DE552704C - Process for the reduction of oxides of volatile metals, especially zinc oxide, by direct action of carbon oxide gas - Google Patents

Description

Process for reducing oxides of volatile metals, in particular of zinc oxide, by direct action of carbon oxide gas The invention relates to a process for thermal or electrothermal reduction that is difficult to reduce Metal oxides, which provide a metal that is volatile at temperatures below 100 ° C. In particular, it applies to the representation of zinc metal in molten form or as zinc dust, possibly with pure zinc oxide as a by-product, from roasted Zinc ores, d. H. use impure zinc oxide with varying metal content.

The method is based on the direct action of carbon oxide gas on zinc oxide or the like. Such is already known in various forms. It has already been proposed (German Patent 192 575) to let the carbon oxide act under pressure in a closed, heated container that receives the ore, with the pressure being increased and the excess reaction gases being released as a result of the evolution of gas during the process itself. Other proposals (German Patent 51,681 and French Patent 39o 672) are directed to sweeping the carbon dioxide gas over the charge. However, these processes require a considerable consumption of gaseous fuel, since in the case of a purely gaseous reduction of the zinc oxide, which, as will be discussed in detail later, the invention has in mind, a complete reduction in a short time can only be achieved if Brush very large amounts of the reducing gas over the feed; they also require high temperatures and thus a large amount of energy.

In contrast, the invention provides for the reduction in a carbon oxide gas stream of adjustable, increased pressure. The amount of pressure is the respective Phases of reduction adapted. It varies from a vacuum to several atmospheres Overpressure. In the initial stage, for example, according to the invention, until it is achieved driven at a higher temperature with very low pressure.

If the reduction is in full swing, a higher pressure, for example from 3 to 5 atmospheres, complied with, without prejudice to the advantageous possibility of deviating pressure regulation every moment without any interruptions to be able to make.

The invention is based on the new knowledge that the connection of the principle of the flowing carbon dioxide gas with the application of a adjustable pressure adapted to the respective phases of the reduction not only with produces the same results with lower amounts of gas than has been possible so far only with very achieved large amounts of gas, but also a number of other significant advantages brings with it, which fundamentally differentiate the process from the state of the art.

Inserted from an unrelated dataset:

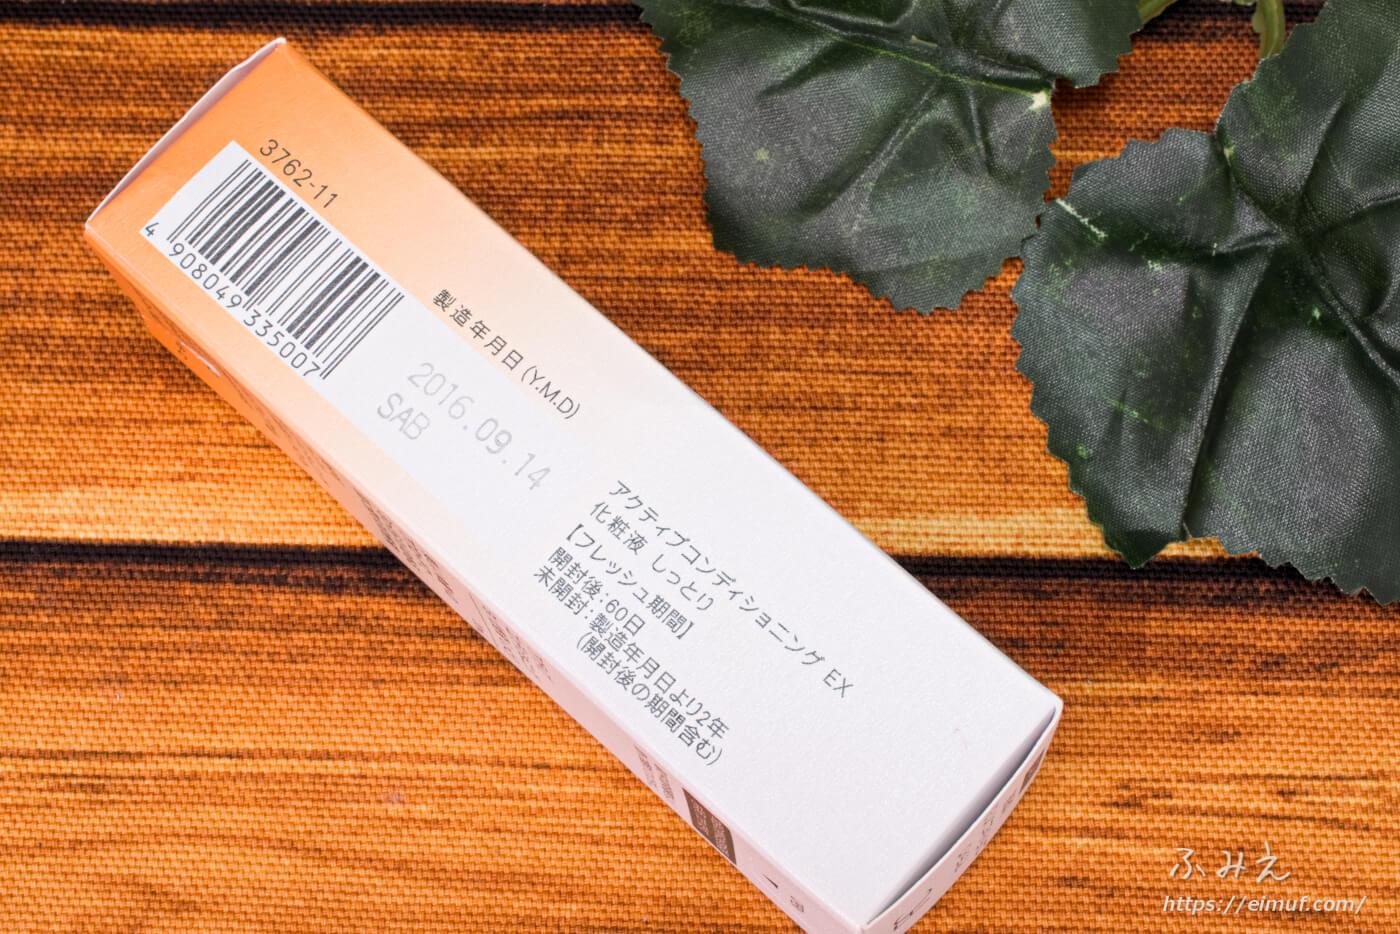 ファンケル 無添加エンリッチ (旧無添加 アクティブコンディショニングEX 化粧液II) パッケージ側面2

While namely in all previously known methods the absence of coal or another reducing agent is necessary in the feed, this does not apply when using the method according to the invention. The reducing agent does not need to be in direct contact with the batch here, although it is also useful to provide the same in their vicinity to prevent regression of the to induce the carbon dioxide formed to form carbon dioxide, as is the case in more detail will be discussed. In any case, the absence of coal results a cleaner residue ash in the feed. An adverse effect of the absence the coal is not available because, as experiments have shown, the rest are Reduction processes when using the method according to the invention with temperatures from: about 100 ° without coal in the charge, the same as if the coal is present in the feed.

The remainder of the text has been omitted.